ジャンソン氏に、b Cen (AB)b は実際には褐色矮星(いわゆる恒星の失敗作)なのだろうか、それとも全く新しい種類の惑星と言えるのだろうかと尋ねた。ジャンソン氏は「褐色矮星は観測されているものよりも高温になるはずなので、その可能性は排除できる」と答えたが、「新しい種類の惑星が存在する可能性はある」と付け加え、「それについて結論を出すには、天文学者たちは類似の系をより大規模なサンプルで研究する必要がある」と述べた。

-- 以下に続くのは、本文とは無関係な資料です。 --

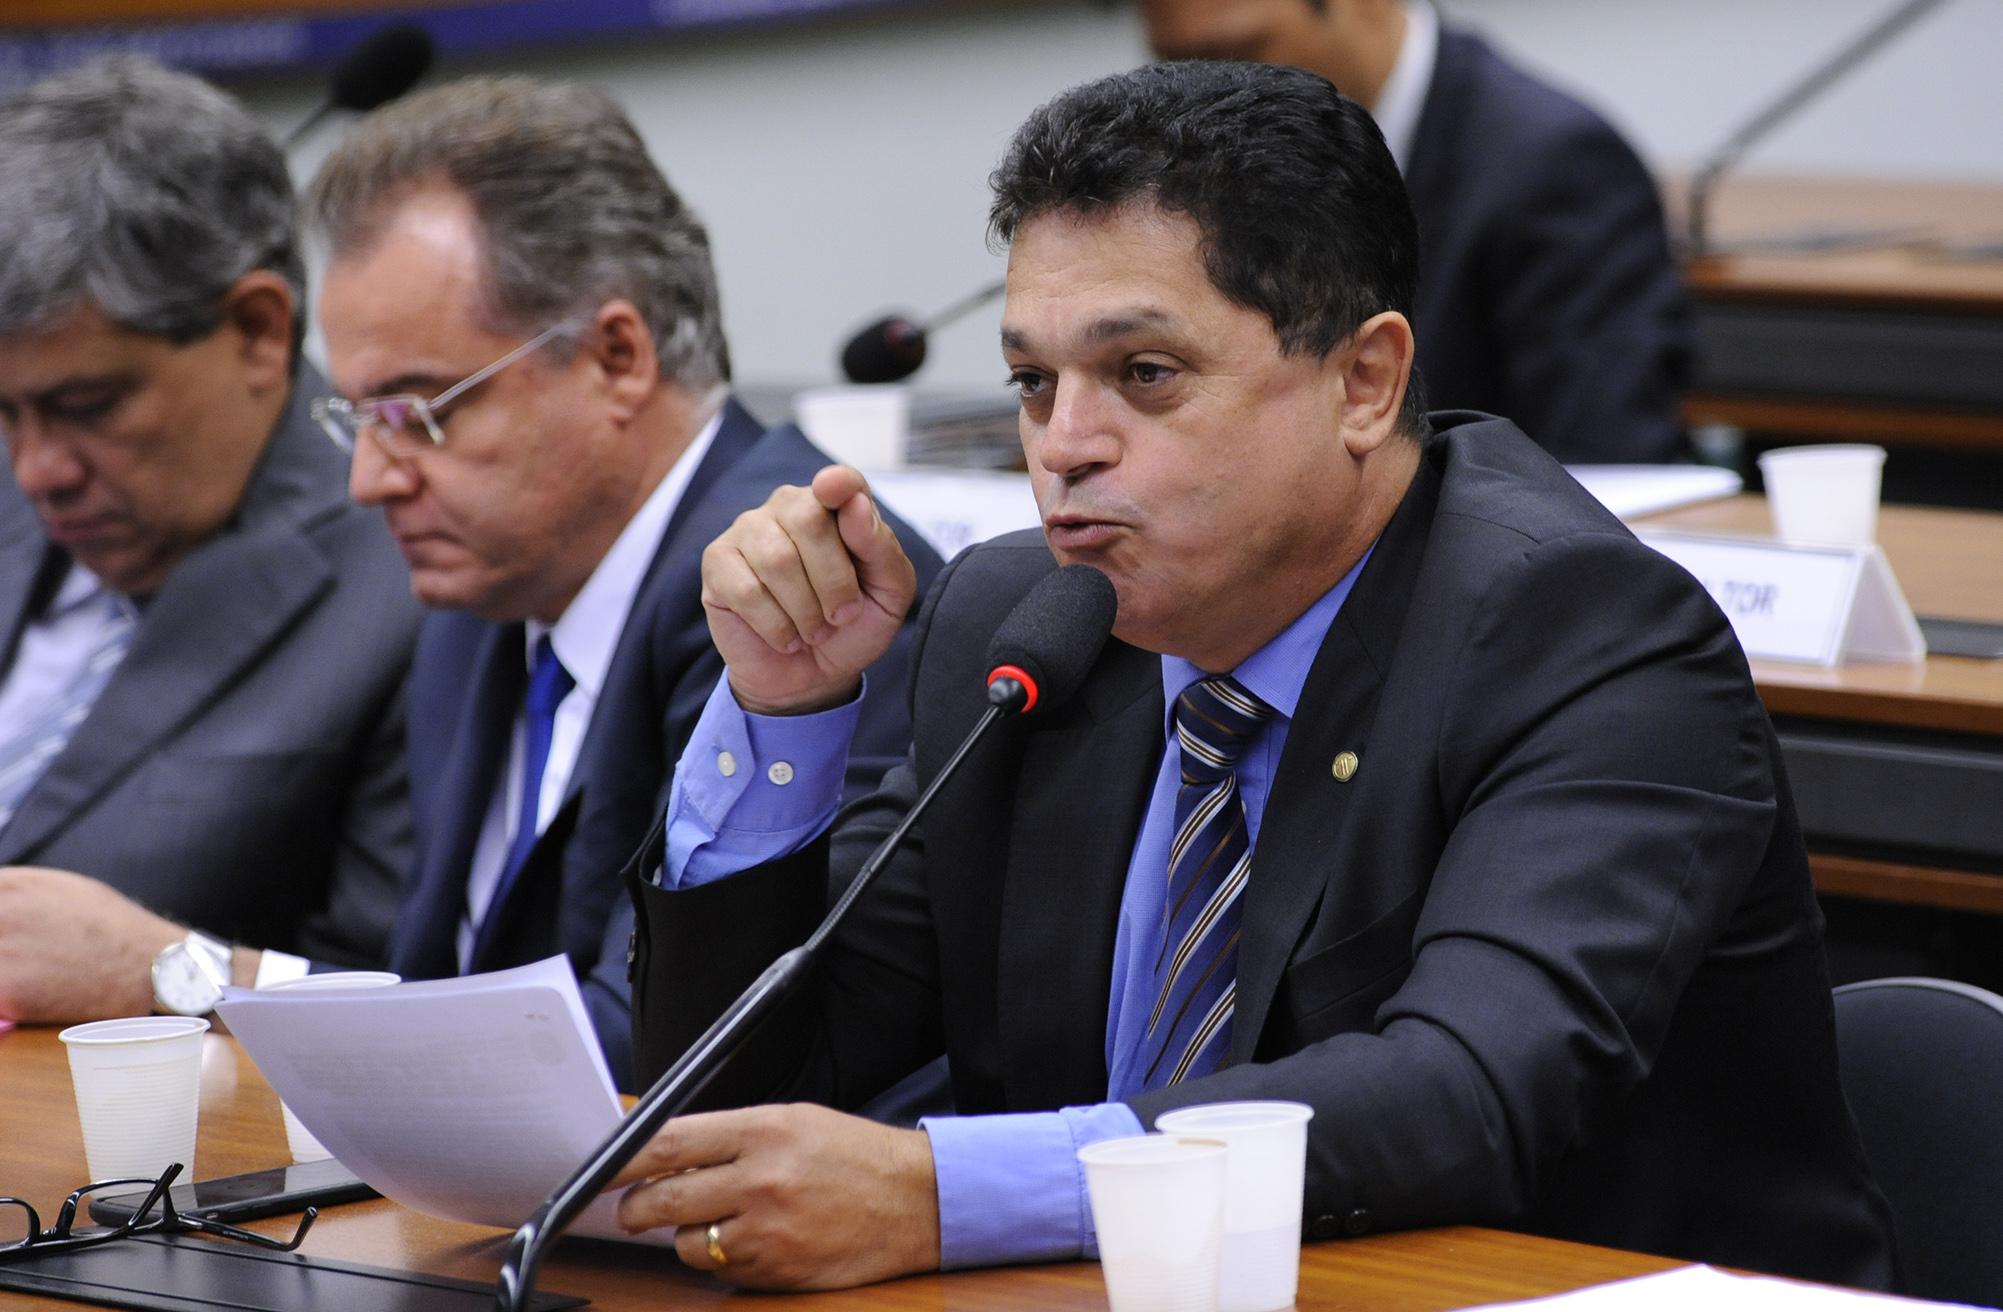 Audiência pública para tomada de depoimento do presidente do TRANDBANK, Adolpho Júlio da Silva Mello Neto. Dep. João Rodrigues (PSD-SC)

チームは現在、「BEAST」と呼ばれる調査を実施しており、bケンタウリに類似した特徴を持つ85個の恒星をスキャンしています。BEASTは、このような種類の惑星がどれほど一般的であるかを示すだけでなく、それらの形成過程にも光を当てる可能性があります。

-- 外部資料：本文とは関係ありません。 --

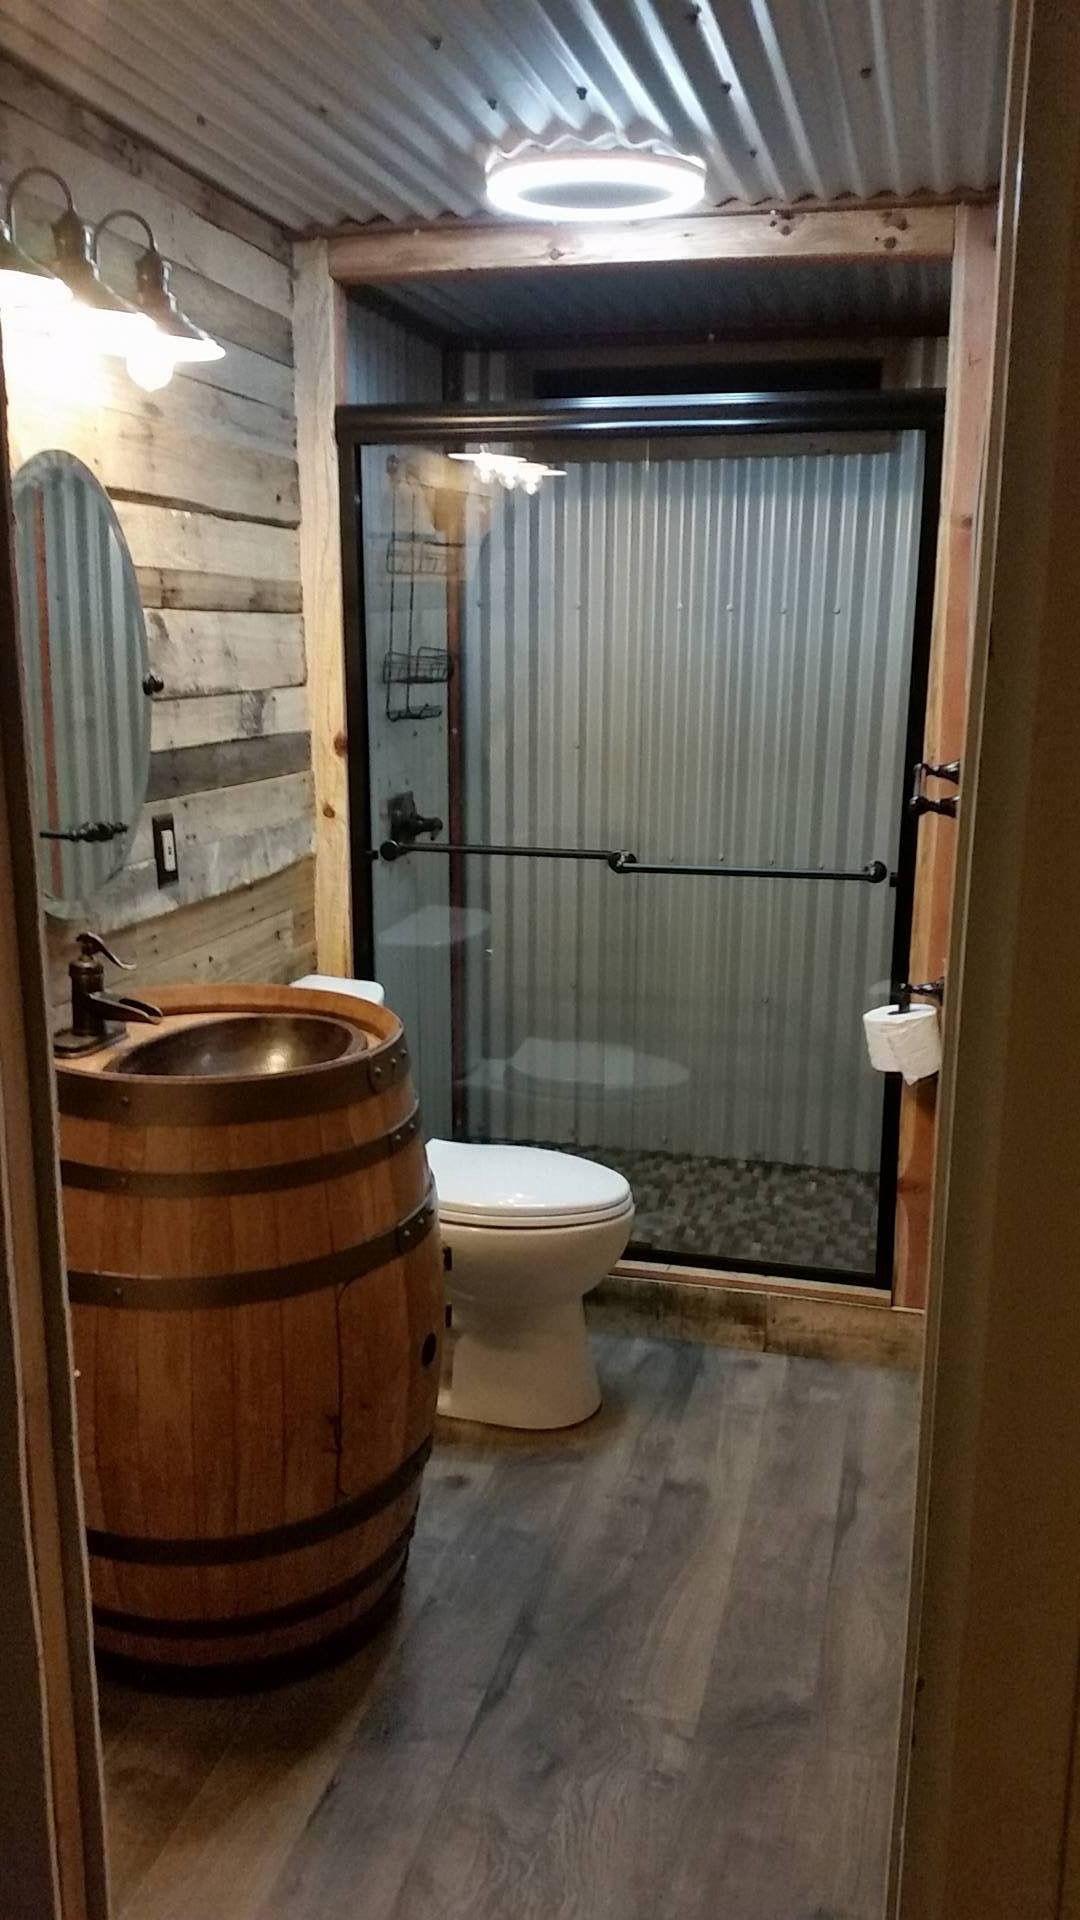 Pin von Kim Dill auf cabin   Pinterest   Badezimmer, Bäder und Wohnideen

「bケンタウリ系における惑星の発見や、BEASTの今後の成果は、惑星形成理論家らに理論を洗練させるための情報を提供し、大質量星の周りだけでなく、太陽に似たより小さな星の周りでも観測される多様な惑星を可能にする物理学の発見につながるだろう」とジャンソン氏は語った。

ジャンソン氏によると、天体生物学の観点から見ると、ケンタウリb星は「銀河系で生命が存在するには最悪の場所の一つかもしれない」という。この連星系は膨大な量の紫外線とX線を放出しており、「それにさらされた表面はどれも不毛になる」ため、「この系内のどの表面にも生命が存在する可能性は極めて低い」という。それでもジャンソン氏は、地下の海に生命が存在する可能性を否定していない。これは、木星の衛星エウロパや土星の衛星エンケラドゥスに基本的な生命が存在するという憶測と一致する。

最終的に、この新たな発見は「惑星がどのように形成されるかというパズルの重要な新たなピースを提供してくれる。それは、我々がどこから来て、宇宙全体の中でどのように位置づけられているかを理解するために必要な理解だ」とジャンソン氏は語った。